→ **MATERIAL PROVIDED**:
+ + + + +
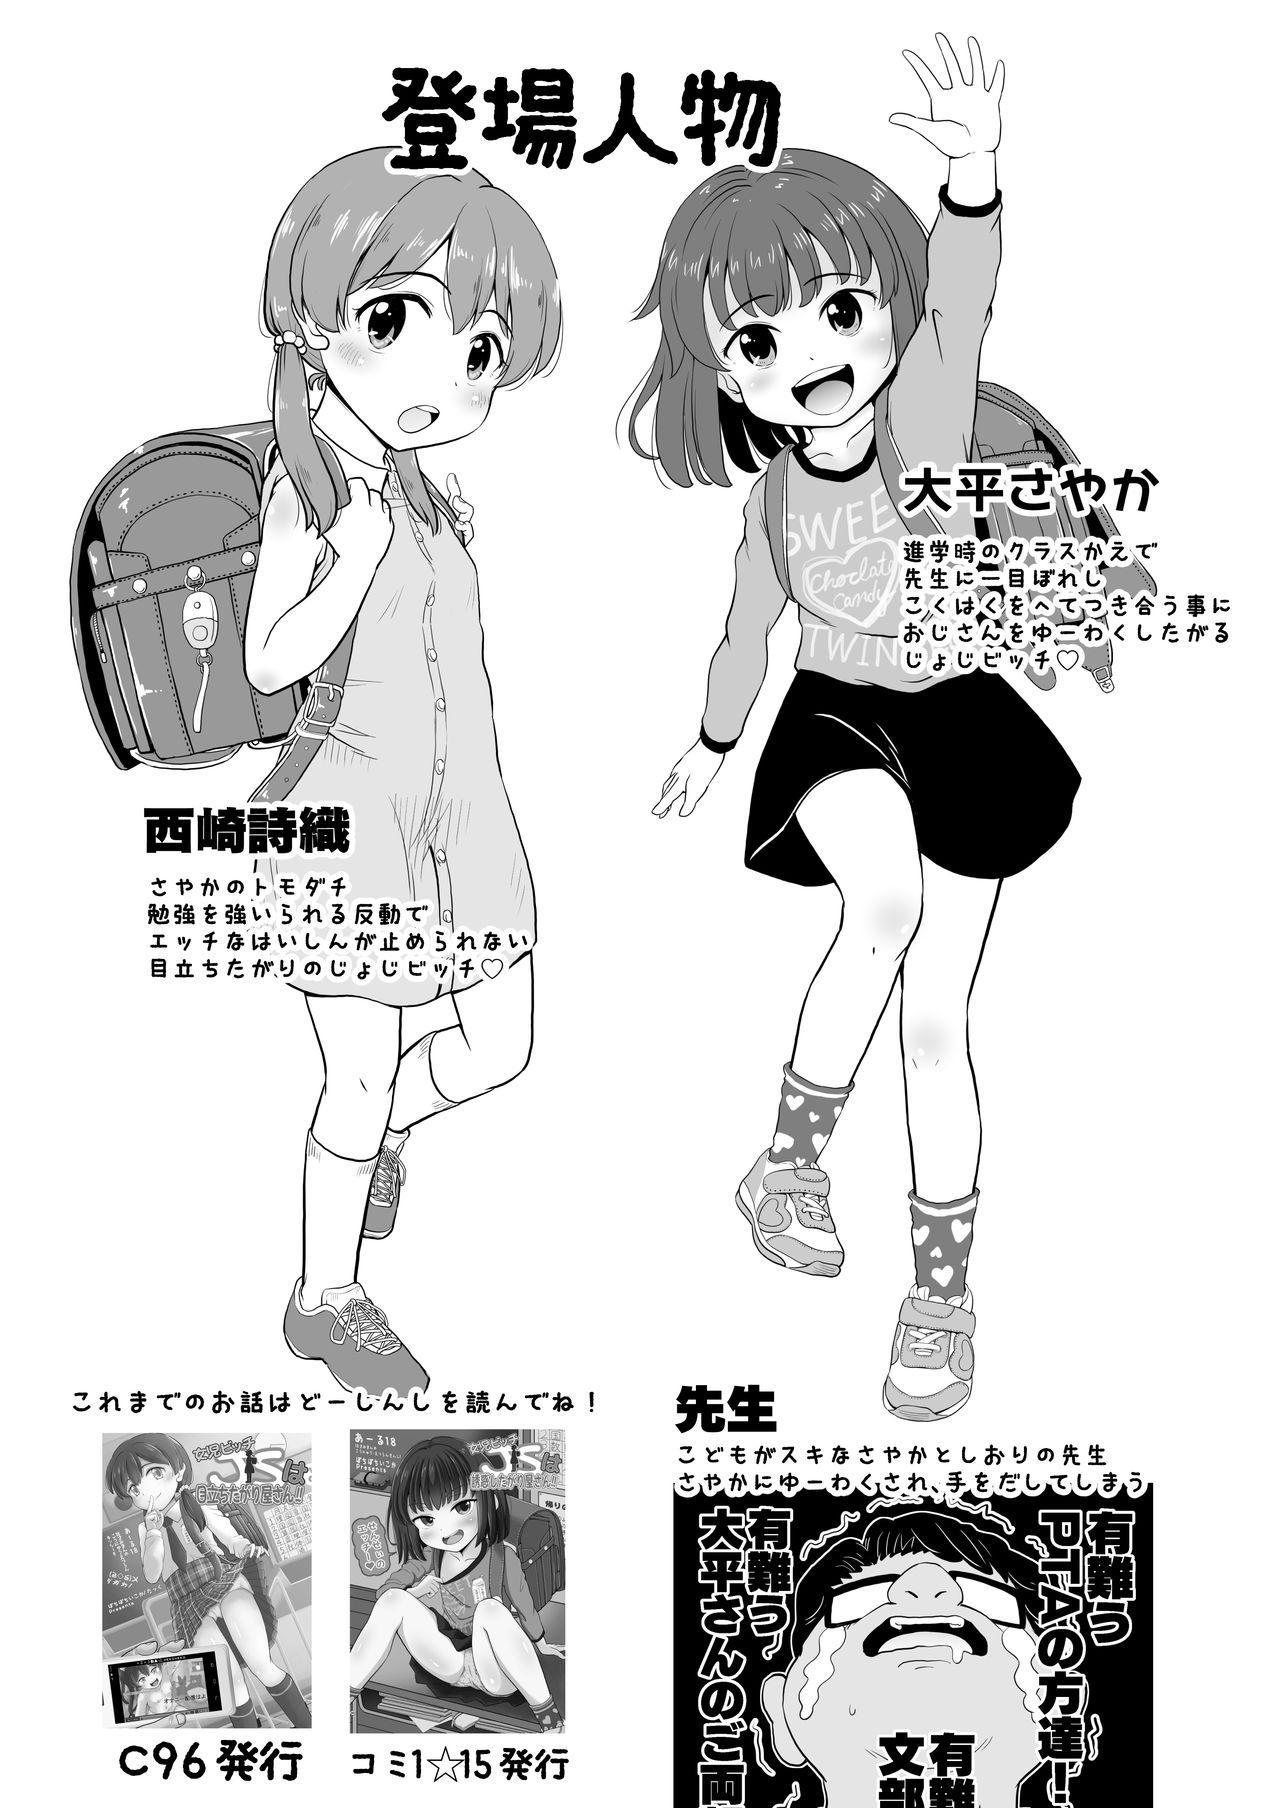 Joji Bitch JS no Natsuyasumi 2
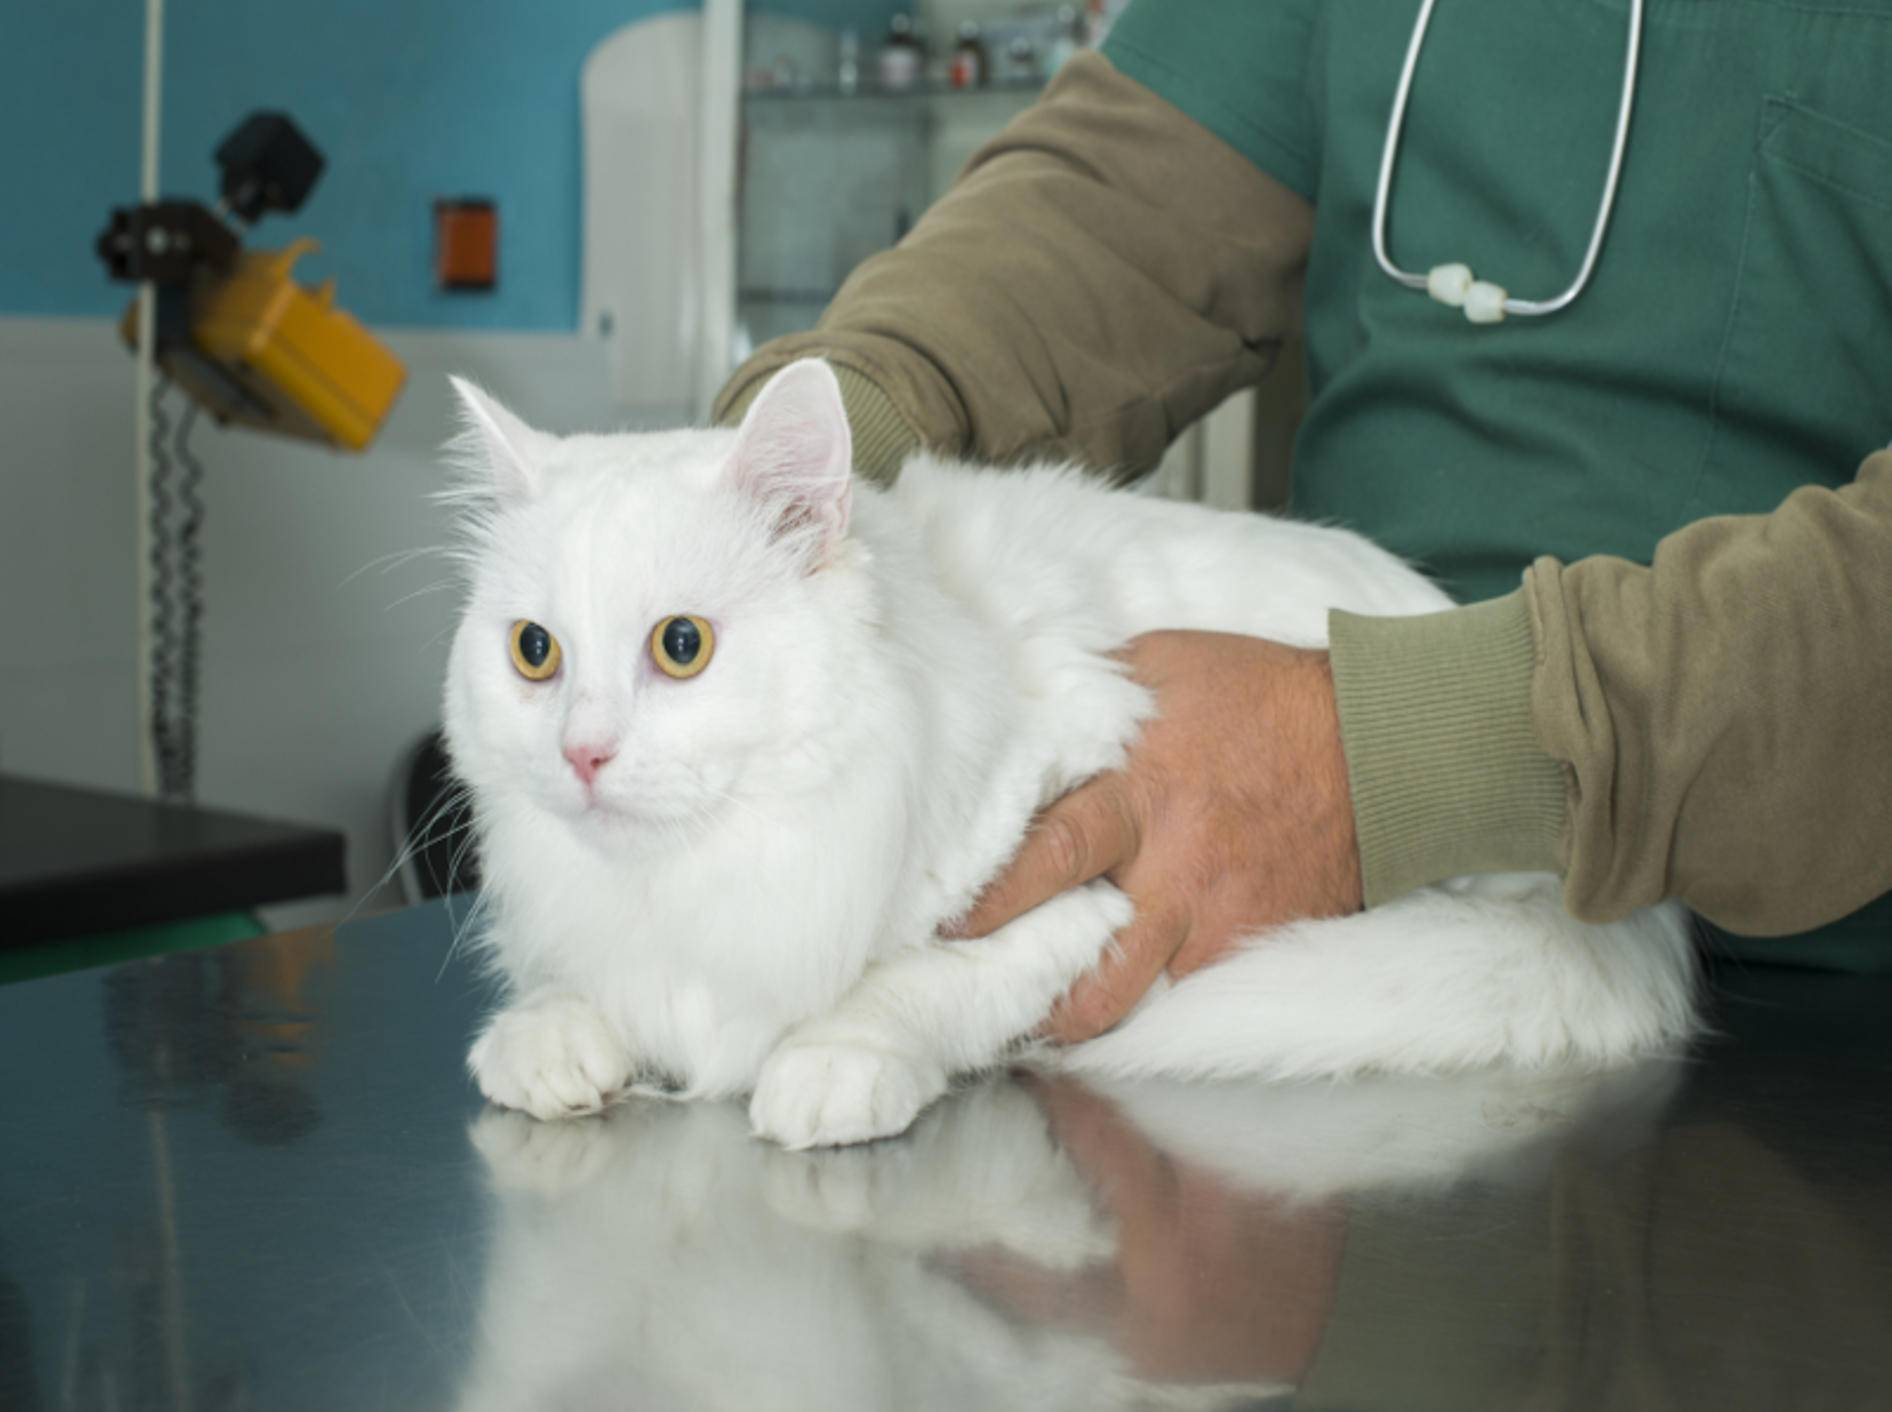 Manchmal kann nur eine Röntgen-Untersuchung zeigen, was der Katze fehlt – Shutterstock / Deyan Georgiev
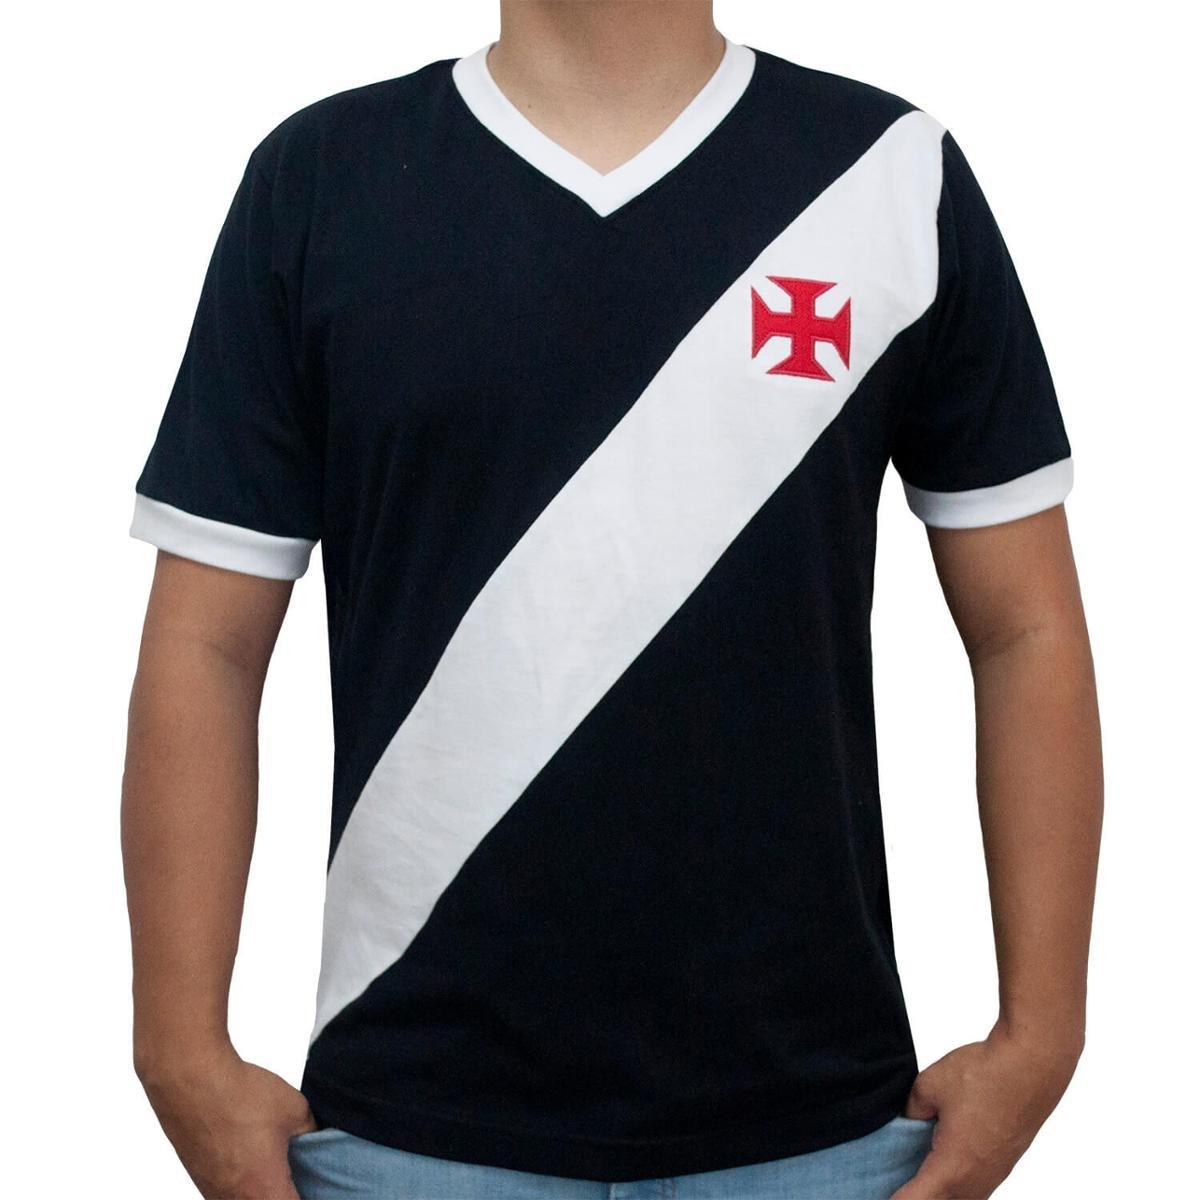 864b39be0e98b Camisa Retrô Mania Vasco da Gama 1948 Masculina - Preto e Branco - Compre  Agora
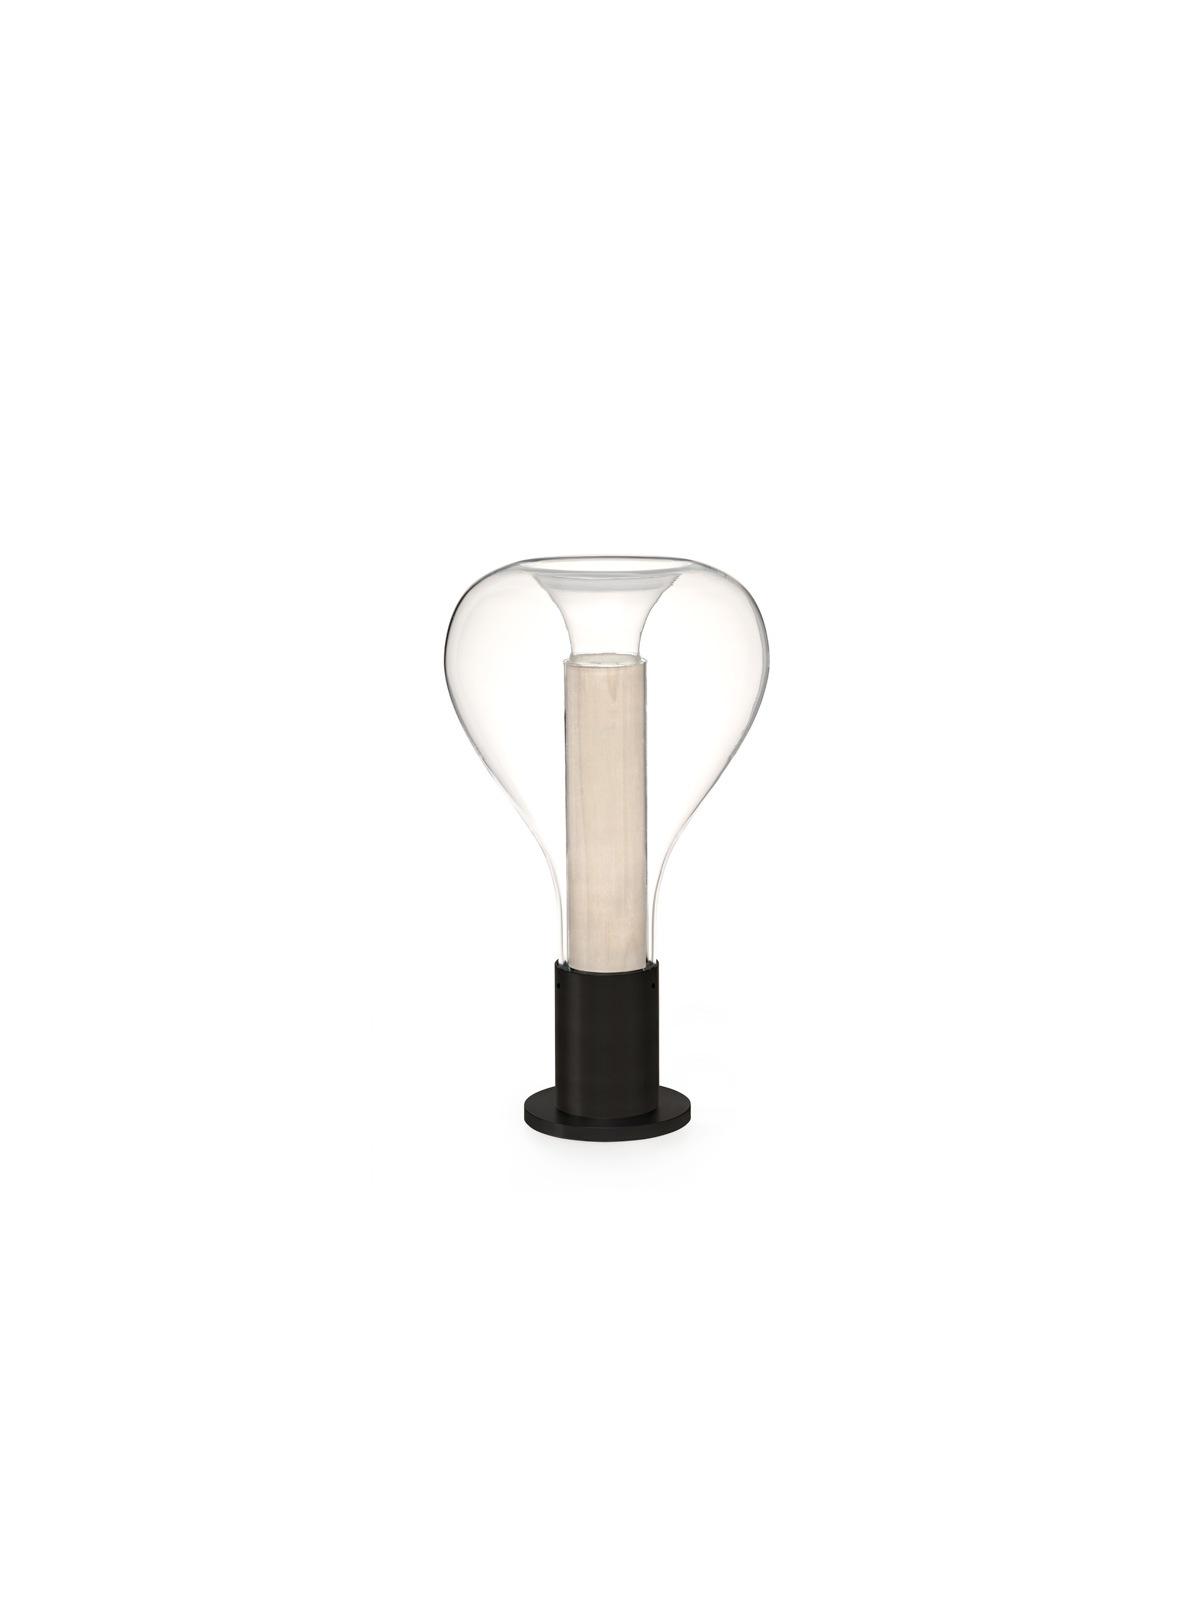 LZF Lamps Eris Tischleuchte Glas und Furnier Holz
+ + + + +
→ **WHAT THIS TASK INVOLVES**:
Using the data above, write out every line exactly, leaving the images behind.

→ **ANSWER TO THIS TASK**:
 Joji Bitch JS no Natsuyasumi 2
 Manchmal kann nur eine Röntgen-Untersuchung zeigen, was der Katze fehlt – Shutterstock / Deyan Georgiev
 864b39be0e98b Camisa Retrô Mania Vasco da Gama 1948 Masculina - Preto e Branco - Compre  Agora
 LZF Lamps Eris Tischleuchte Glas und Furnier Holz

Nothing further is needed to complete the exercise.